Time travel is a common staple in science fiction films and on TV. However, is it really possible? And how can you bypass the so-called "grandfather paradox," which basically states that if you go back in time and change things, it also changes the future?

A group of physicists from the University of Queensland simulated time travel in a lab by using the concept from Einstein's theory of general relativity that states that a powerful gravitational field, such as that found in a black hole, could create a situation where spacetime curves around itself. This "closed timelike curve" (CTC) allows for time travel.

However, if this is true, there is also the theory of the "grandfather paradox." This is a hypothetical scenario where someone uses a CTC to travel into the past and kill their own grandfather. The result is that this person no longer exists because they've prevented their own birth.

Most physicists think that CTCs are impossible because of their ability for creating paradoxes. However, in 1991, theoretical physicist David Deutsch suggested that these scenarios avoid paradoxes because, at least on a quantum scale, particles don't follow the strict rules of probability.

"It's intriguing that you've got general relativity predicting these paradoxes, but then you consider them in quantum mechanical terms and the paradoxes go away," says University of Queensland physicist Tim Ralph. "It makes you wonder whether this is important in terms of formulating a theory that unifies general relativity with quantum mechanics."

In a lab, physicists studied sending such a particle back in time.The particle created by the flip of a switch on a machine, could do one of two things: go back in time to flip the switch on the particle-generating machine that created it or it could not flip the switch. You would think that if the particle did not flip the switch the particle would stop existing, right? But because a particle must come out of a CTC with the same properties it had when it entered, even if it does not flip the switch, it still comes out of that time loop unchanged. It's a weird concept, but it goes in line with what we know of quantum mechanics.

For consistency, physicists used clones of pairs of polarized photons. They sent one pair through the CTC simulation. When it came out of the time loop, they compared it to its clone: both pairs were identical, signifying that the journey did not change the time traveling pair. The physicists performed this simulation multiple times, and each time, the results were the same.

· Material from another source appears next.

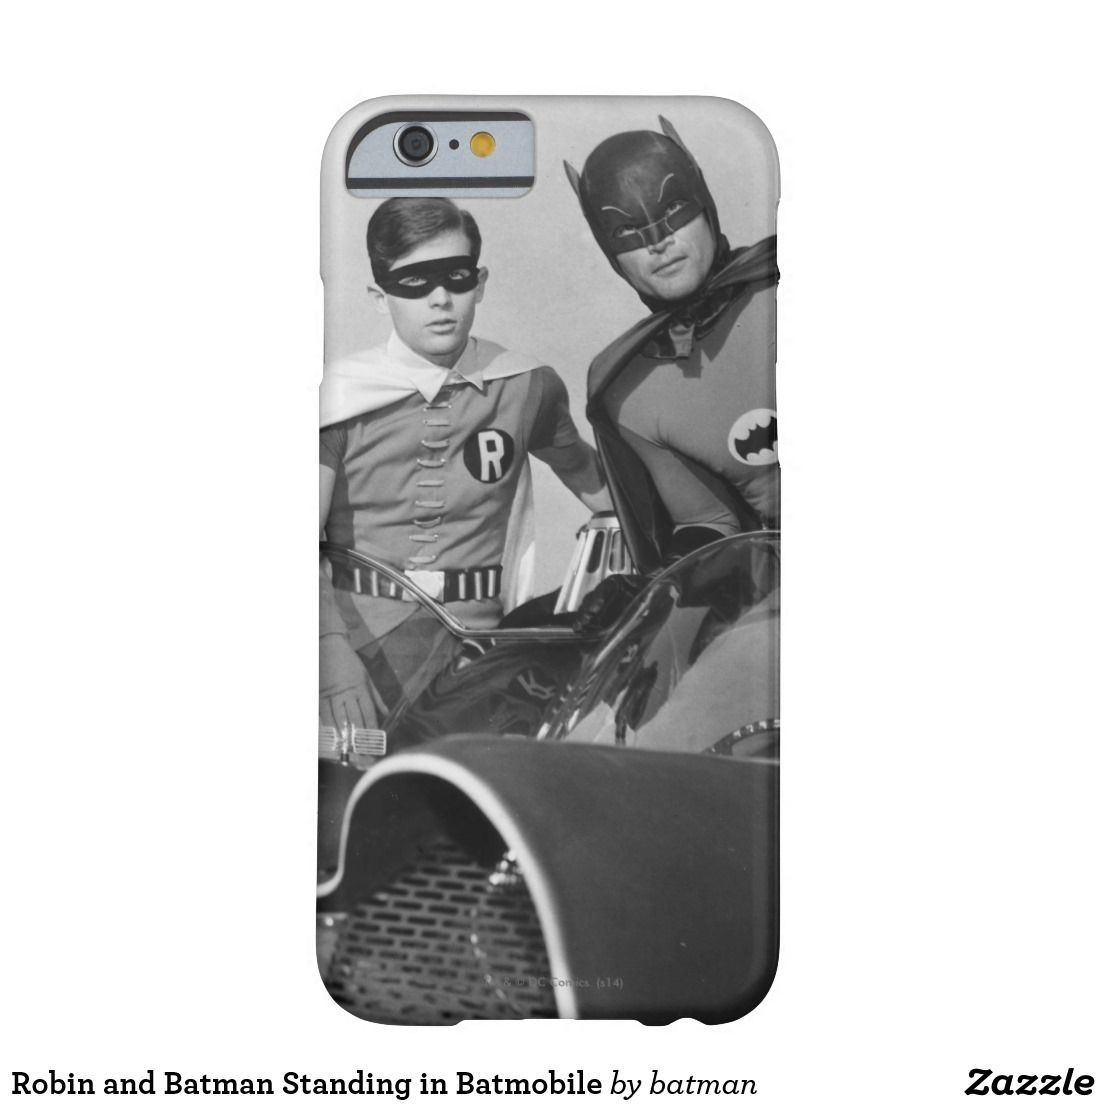 Robin and batman standing in batmobile casemate iphone

"The state we got at our output, the second photon at the simulated exit of the CTC, was the same as that of our input, the first encoded photon at the CTC entrance," says Ralph. "Of course, we're not really sending anything back in time but [the simulation] allows us to study weird evolutions normally not allowed in quantum mechanics."

Of course, this still doesn't mean that humans can travel through time, affect the past and then emerge unscathed, but it does have implications in the area of quantum cryptography.